I think that I used to have a vision that putting in my 10,000 hours would be a series of good paintings getting better. Perhaps later, but for now it's retries and experimentation. Maybe that's the way it'll always be?

Friday, August 5, 2011

A New Background

I am busy at work on a new board for the lily. Green earths, yellow ochre, and burnt and raw siennas, layer after layer, are coming together. Every four or five layers brings a cheesecloth polish and there is even a light sanding in there.

My first background board still resists coming to a hard and smooth surface. I am carefully mixing my medium and pigment and this new board shows that. Restarting is really a blessing as I get to gain experience and I think that various greens will contrast nicely with the lily's oranges.

I know it all looks warm at at this time but I am going to try to really darken up, maybe even close to black, the border. Midway in I will be moving to Viridian to provide a cool region. The center, which will be mostly covered, will be warm. I want to keep in mind a relative state of cool and warm--another major principle from my Old Masters Design workshop. From time to time I hold up my earth orange swatch to keep me in line.



Thursday, August 4, 2011

A Change of Pace

After sleeping the day away while under the weather, I needed a bit of sunlight and fresh air. I didn't go far, just up the road, and came upon this male Blue Dasher, Pachydiplax longipennis, a skimmer of the Libellulidae family. Such marvelous complexity and beauty in a little package.



Wednesday, August 3, 2011

More Test Colors

I woke this morning figuring that I might approach lily colors with earth pigments. During the egg tempera workshop Koo had mentioned how very often we do not need to turn to highly saturated pigments, examples being the cadmium yellow and irgazine orange I'd used last night.

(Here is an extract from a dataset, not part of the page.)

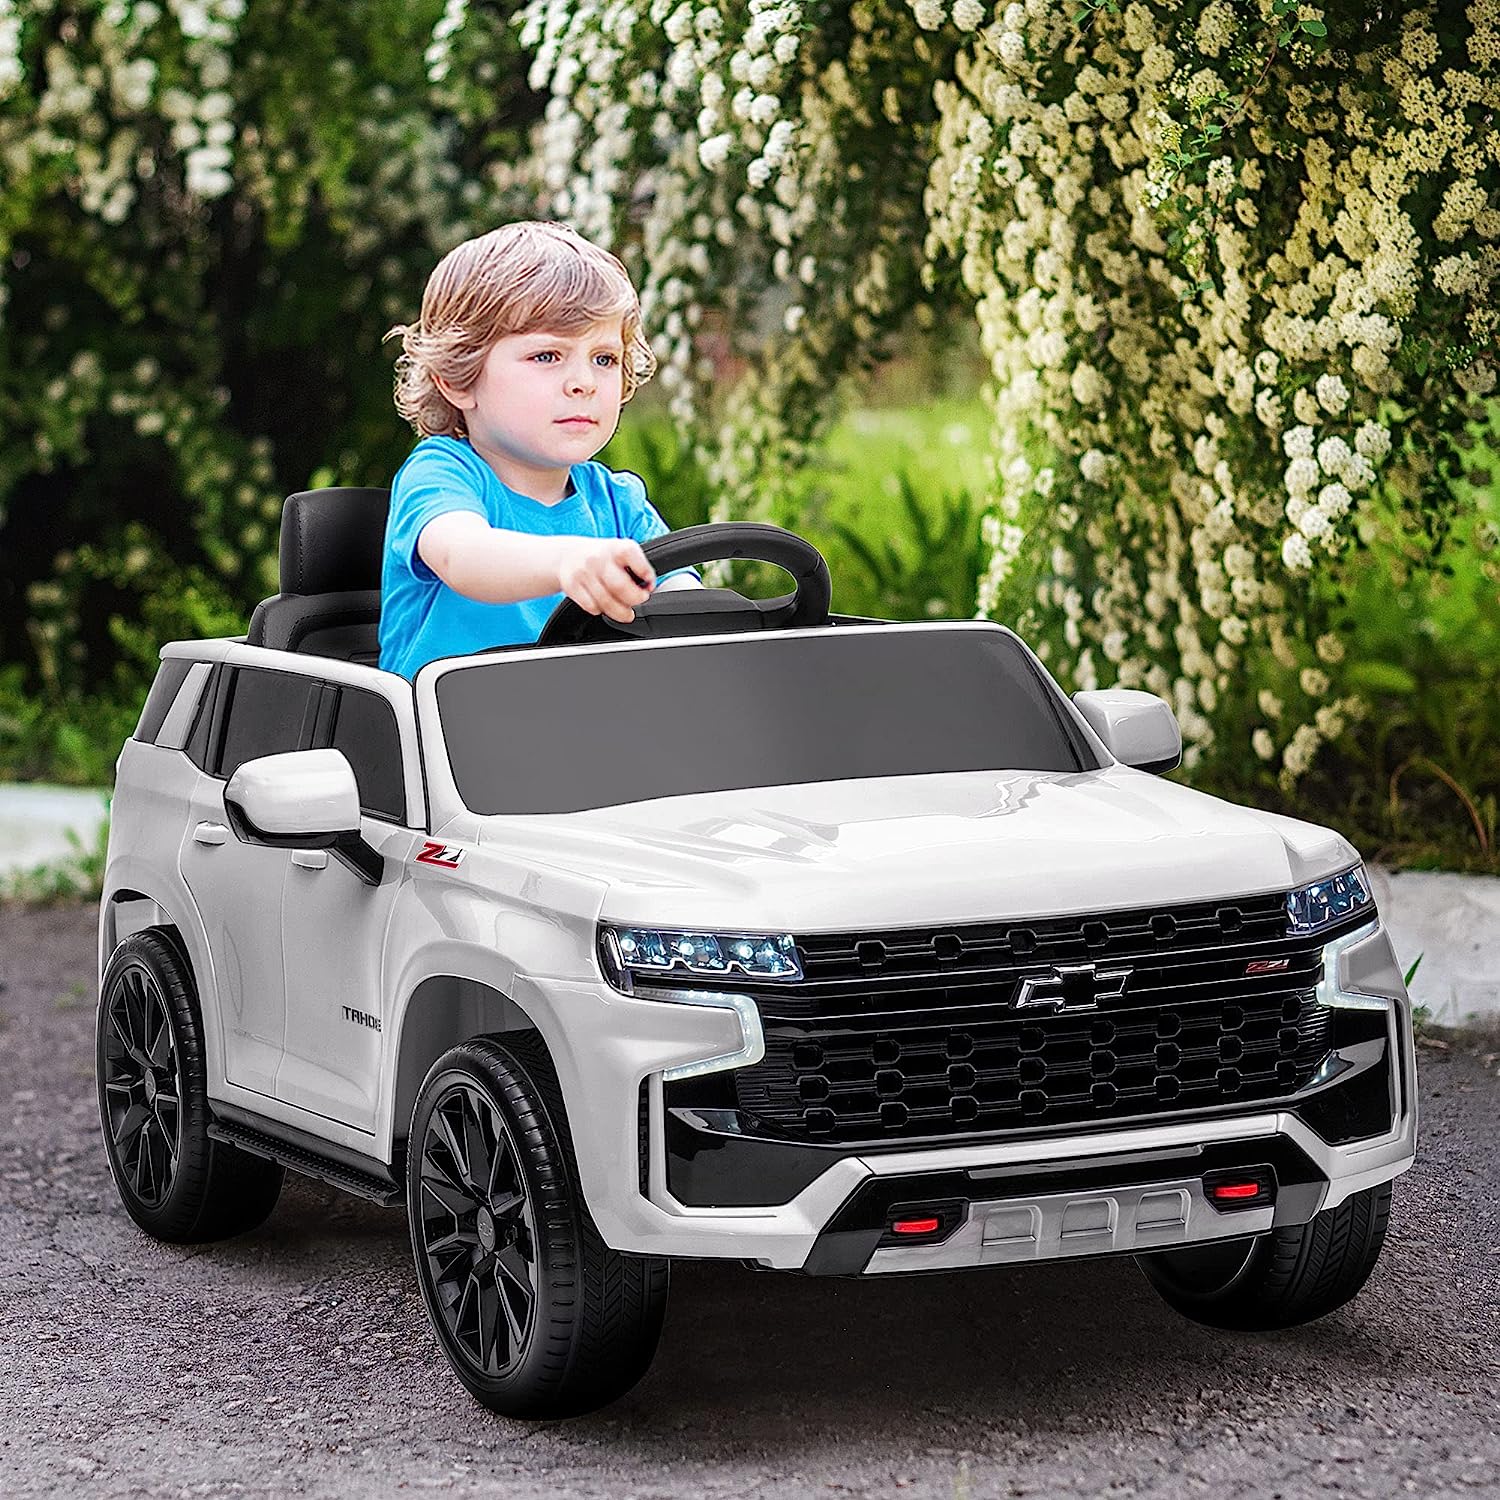 2023 Chevrolet Tahoe Car | 1 Seater > 12V (2x2) | Electric Riding Vehicle for Kids

I so wanted to sit down and get to painting this morning but alas, it was time for work. Time was very short this evening but I did manage to lay down some thinly applied Armenian Orange Earth and Transparent Yellow Ochre. Note on the orange patch, the right side has been overlaid with about six very thin layers of yellow ochre. The lower patch is undiluted yellow ochre.

The earths are so much easier for me to control. Jus the tiniest bits of cads or synthetic organics produce incredibly saturated mixes. I think I will turn to the earths as I retry the lily.

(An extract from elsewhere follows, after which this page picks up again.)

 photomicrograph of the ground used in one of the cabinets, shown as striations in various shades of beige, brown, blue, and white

My gesso board still hasn't recovered properly, even after stashing it on the car dashboard all day while at work. I'll give it another try tomorrow but I have no great expectations. So it's soon to be another background job and I'm actually looking forward to another meditative exercise.

Tuesday, August 2, 2011

Test Colors for Lily

This exercise is about developing form as much as it is about colors. It was a busy night so I only got in a few preliminary layers but I did learn about brush handling. My fine-tipped Series 7's can certainly lay down a fine line and yet can behave like knife edges, cutting up the tempera if I absentmindedly go over a wet surface. Spreading the bristles with my fingertips to create a flat works very well. Perhaps I should look around for a few flat synthetics for a try.



And please do check out a most heart-warming post published this evening on the NESBA blog. Botanical art at its best, I think.

Monday, August 1, 2011

Building a Foreground

I'm thinking of using this lily for the foreground image. I photographed it yesterday, printed in on the b/w laser, transferred the outline, and dropped in a  bit of shading. I'm trying to become familiar with it in tone. Soon I'll start work on the color mixes.

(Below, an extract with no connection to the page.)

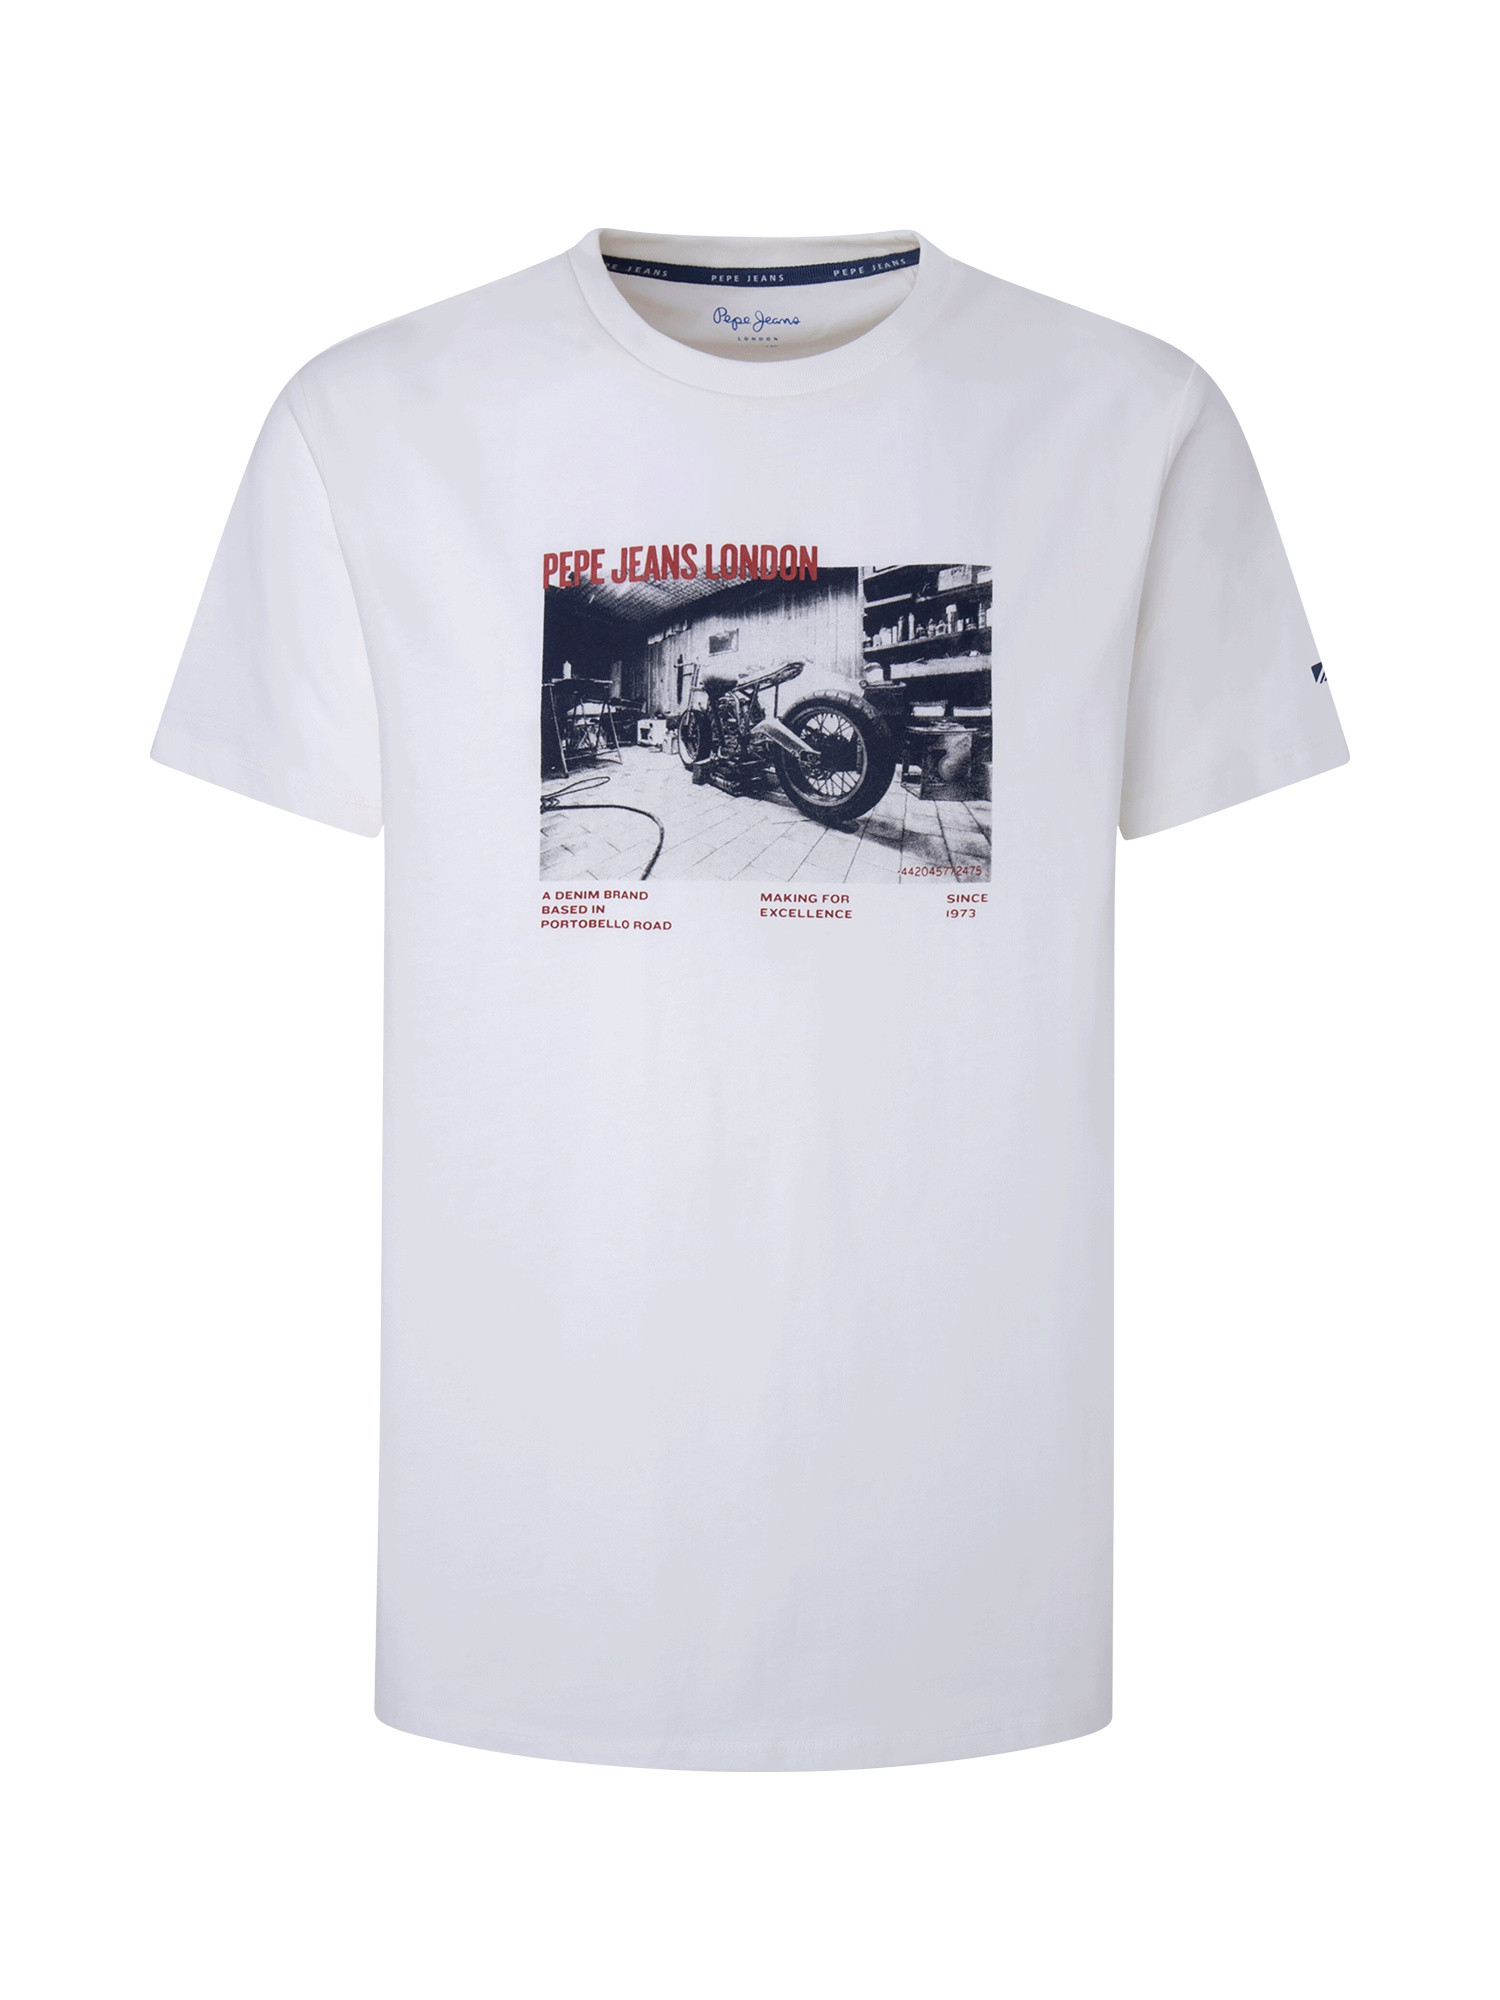 Pepe Jeans - T-shirt con stampa grafica in cotone, Bianco, large image number 0

I've run into a bit of trouble with the gesso board. The surface is a bit less smooth than I'd optimally expect. It may have been too eggy a mix late last night, or possibly that the egg was getting old. I dropped on a few more layers this evening with a fresh egg and it seemed to improve a bit before reverting. I'm going to let it sit while I turn to lily work. If in a few days it's still not where I want it to be, I'll simply start another background and let that one rest. No worries, I have plenty of boards and this is a great learning experience.